John Hayes, the Energy Minister, has said that the number of wind farms does not need to go beyond those planned.
The Government is committed to generating 13GW with onshore wind turbines by 2020.
RenewableUK has welcomed new figures showing that the UK is moving up the European league table in terms of wind energy capacity, as well as holding its own near the top spot in terms of new capacity installed in 2012.
The European Wind Energy Association (EWEA) has released new statistics showing that the UK now has 8.4 gigawatts of wind energy installed, overtaking Italy and France. In 2011, the UK was fifth in the league table, with less capacity installed than France or Italy, but we have now moved up to third in Europe. Germany is at the top with 31.3GW and Spain is second with 22.8GW.
According to EWEA, the UK installed 1.9 GW in 2012 – 16% of all new wind capacity in Europe. This puts the UK 2nd in terms of new deployment last year. Only Germany installed more in 2012 (2.4GW – 21% of new capacity).
EWEA highlighted the fact that renewable energy represented 69% of all new power capacity in Europe in 2012, while coal, oil and nuclear capacity continued to decline due to decommissioning.
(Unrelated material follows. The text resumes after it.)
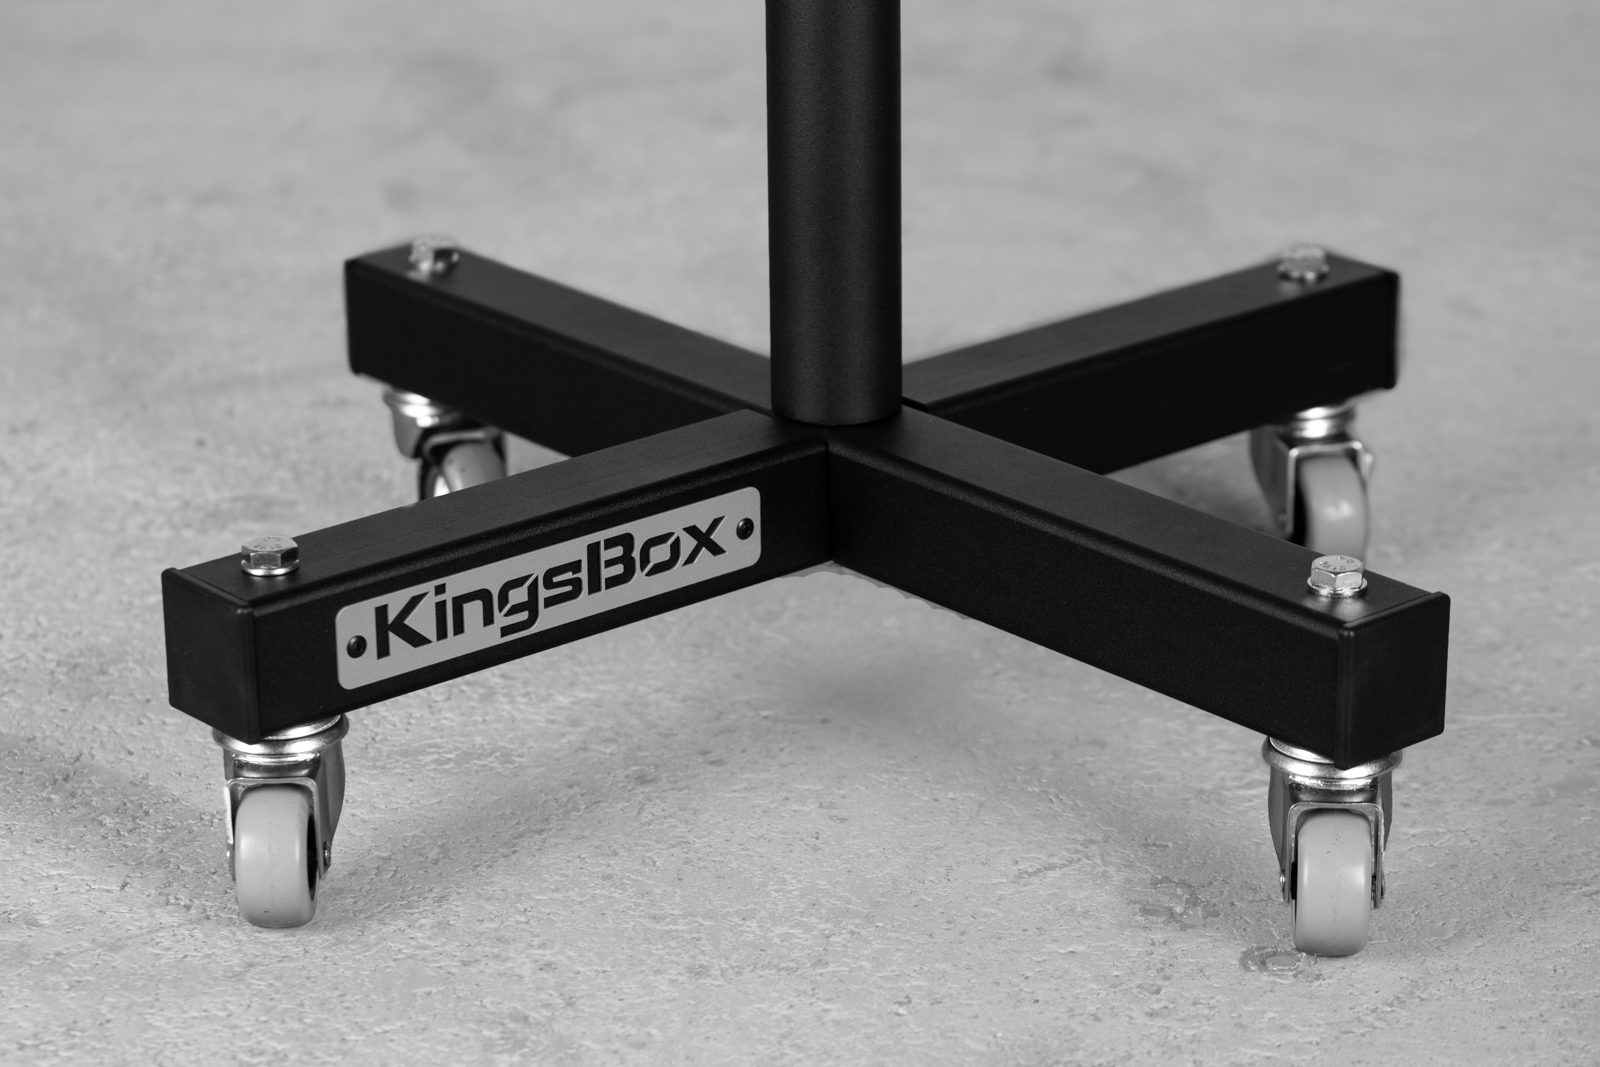 KingsBox Tower Weight Rack | KingsBox

RenewableUK Deputy Chief Executive Maf Smith said:
“The UK’s strong performance in the European league table reflects the growing importance of the British wind industry as a leading player. This proves the increasing significance of wind energy to the UK’s economy despite tough global economic conditions.
“The Government is calling for the UK to quadruple the amount of wind installed between now and 2020. The industry can achieve 31 gigawatts onshore and offshore by the end of the decade, but only with clear cross-party political support.
“We can attract billions of pounds worth of investment to the UK and create tens of thousands of jobs, but only if the signals from Westminster are right. The proof of this will be in the Energy Bill, which is due to become law by the end of the year. So the decisions taken by Government over next few months are absolutely crucial for the UK’s wind industry”.